Threw some hamburger patties on after reassembly. After the pellets started smoking I turned it up to hi and I would say it was slower coming up to temp because of the additional mass that needed to heat up. However the fire chamber temp and the grill temp read within 20-30 deg of each other when before they were off by about 80 deg. Also when the burgers went on they sizzled which they didn't do the last time we tried cooking them. I am ordering a tempaque (spelling?)so that will help me better monitor pit, grill and food temps. My hope is it will better help me understand the temp variations in the GMG. I am concerned that the controller isn't working properly but I want some solid data before I call customer service. 
I hope this helps some of you other GMG owners or those considering purchasing one. Please ask any questions if I missed something. And if you know of other mods I would appreciate hearing about them.


----------



## north idaho (Mar 4, 2016)

And I must also mention this is the first time I have ever successfully posted pictures on any forum. Still can't believe it worked:)


----------



## dgodke (Mar 8, 2016)

North Idaho,

On the New 1-piece Stainless Steel Heat Shield, turn it over and check the Centerline of the Inverted V against the Centerline of the FirePot.  The Locator Notches on the original 1-piece SS Heat Shields were off a bit, making the Chimney Side about 100* hotter.  Some newer heat shields have 2 sets of notches to move the heat shield.

Be sure you move the heat shield more towards the Chimney Side when you do the notches.  I had to Dremel out 7/8"

The DB had the same issue with the New Heat Shield.

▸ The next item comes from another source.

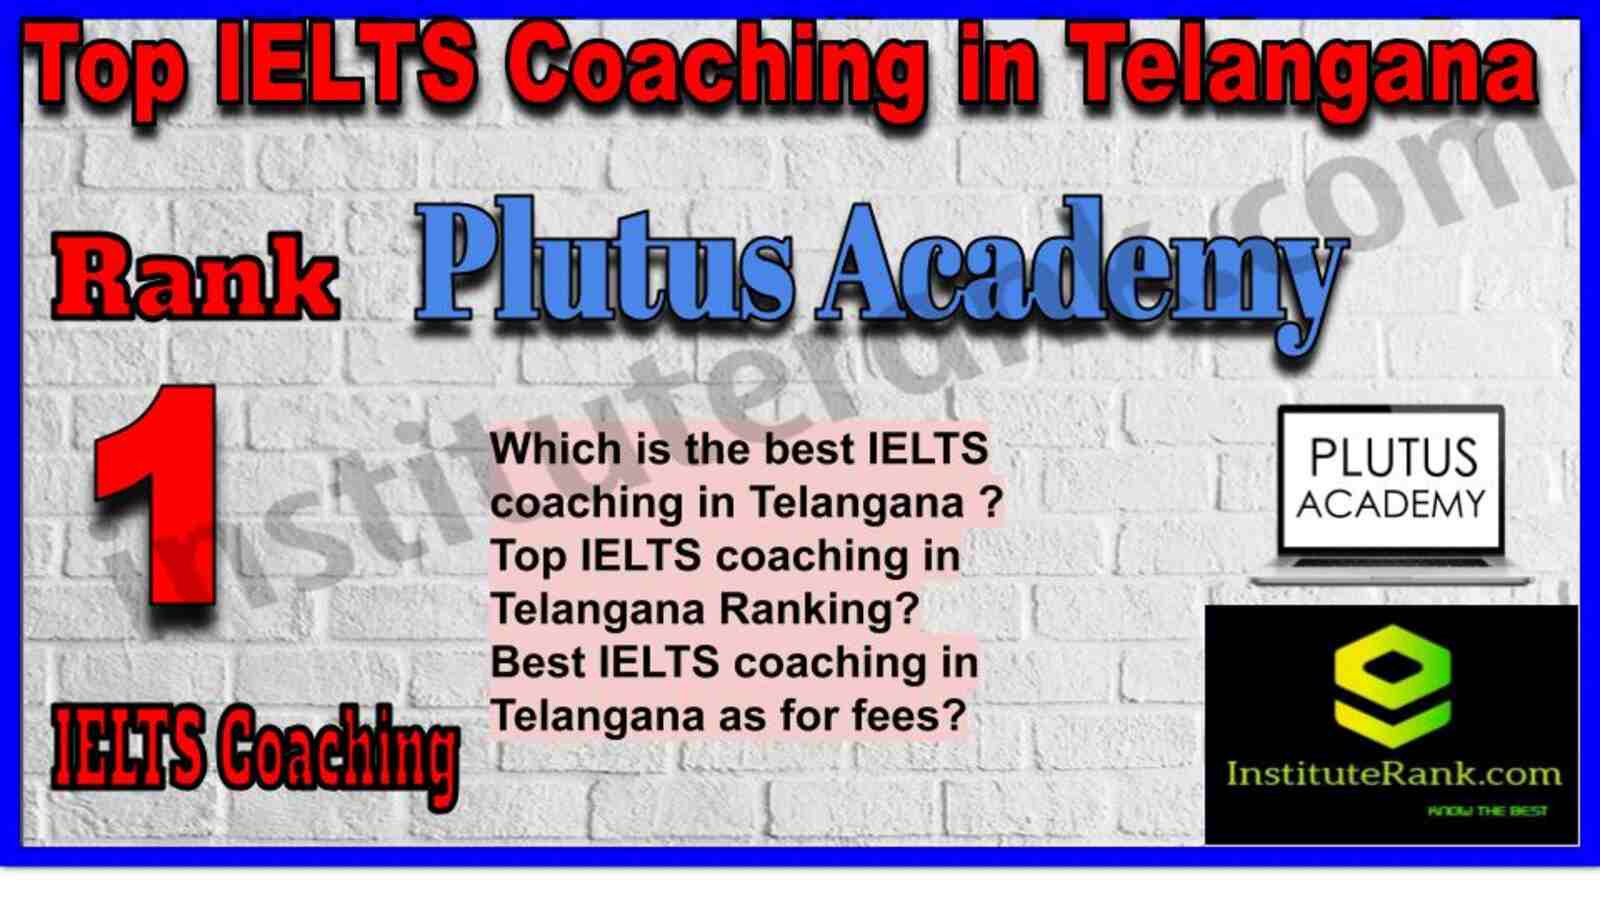 Rank 1. Plutus Academy | Best IELTS Coaching in Telangana
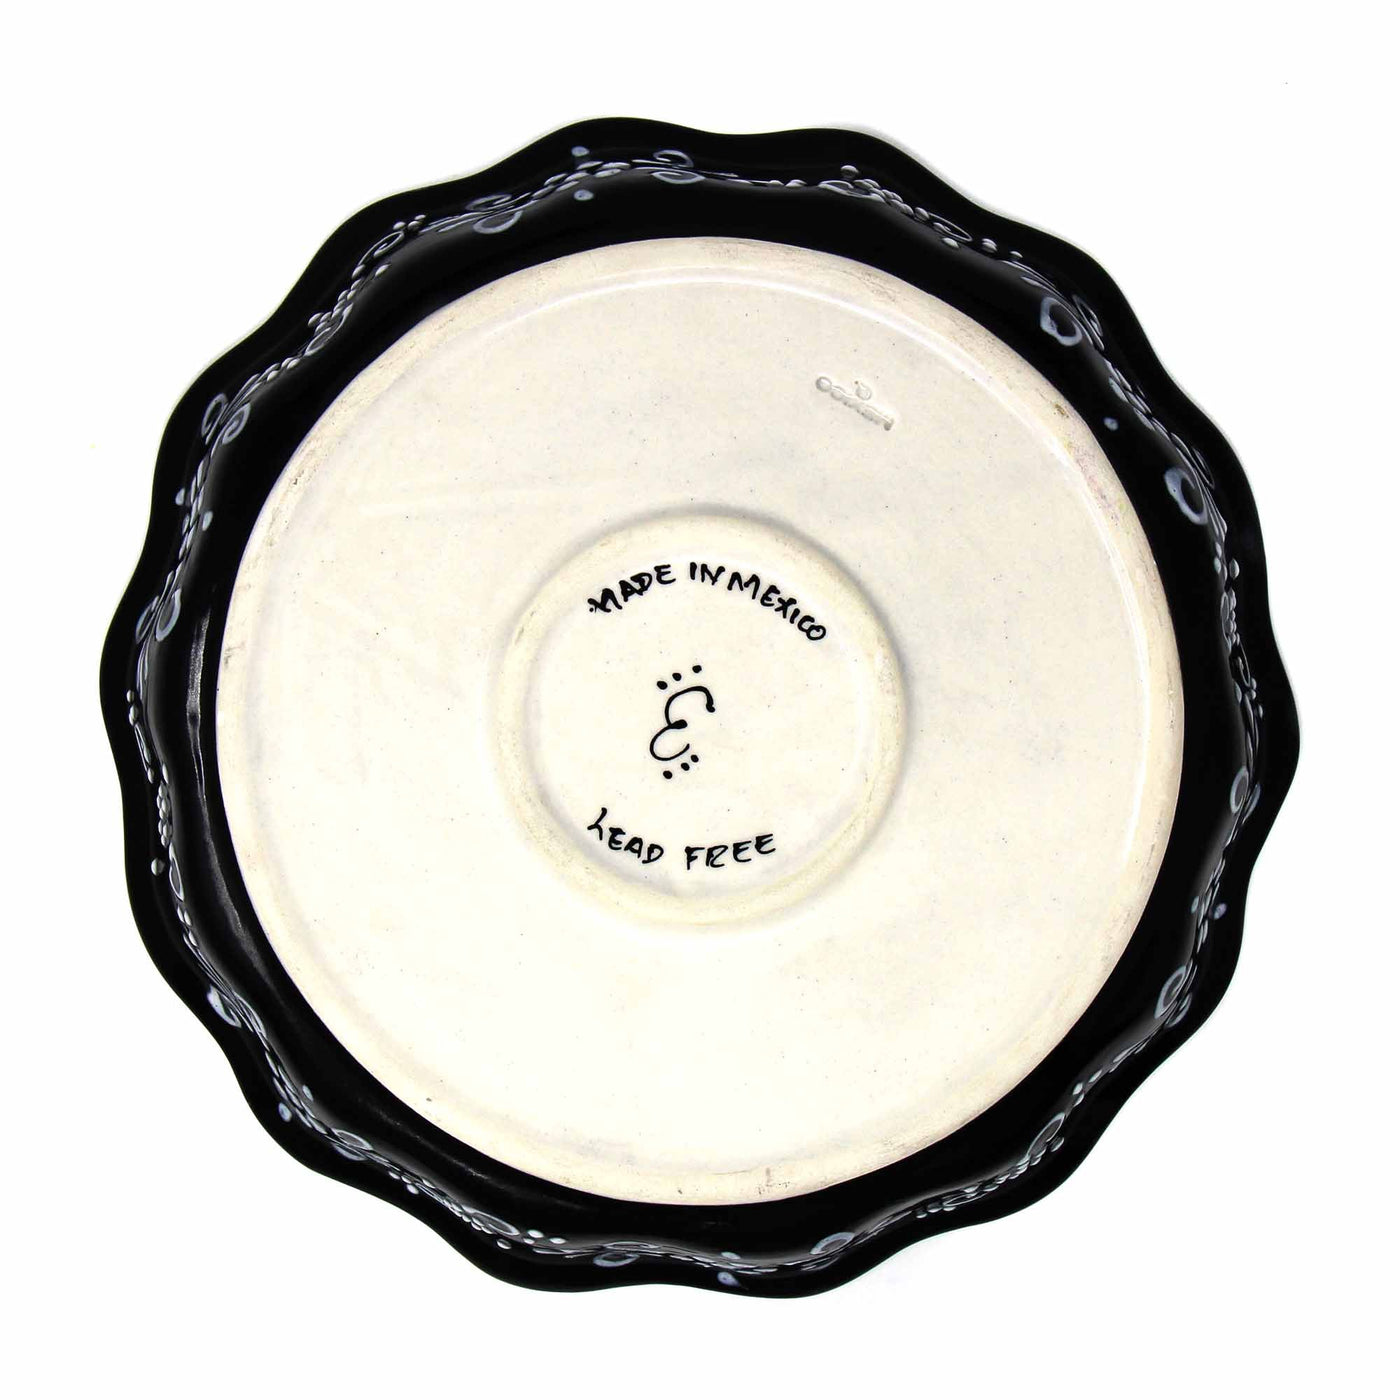 Encantada Handmade Pottery Serving Dish, Black & White - Yvonne’s 100th Wish Inc

Let me know how it comes out, you can contact me at [email protected] or contact me on Facebook at Don Godke's Downdraft


----------



## north idaho (Mar 8, 2016)

Dgodke thanks for the tip. Our one piece SS deflector does have 2 notches and I did move it towards the chimney as far as could only because I wanted it centered in the bbq. Your explanation makes a lot of sense so my next step is to set up 2 probes on my Igrill at each end of the grate and start recording temps. Will post results when completed. Thanks again!


----------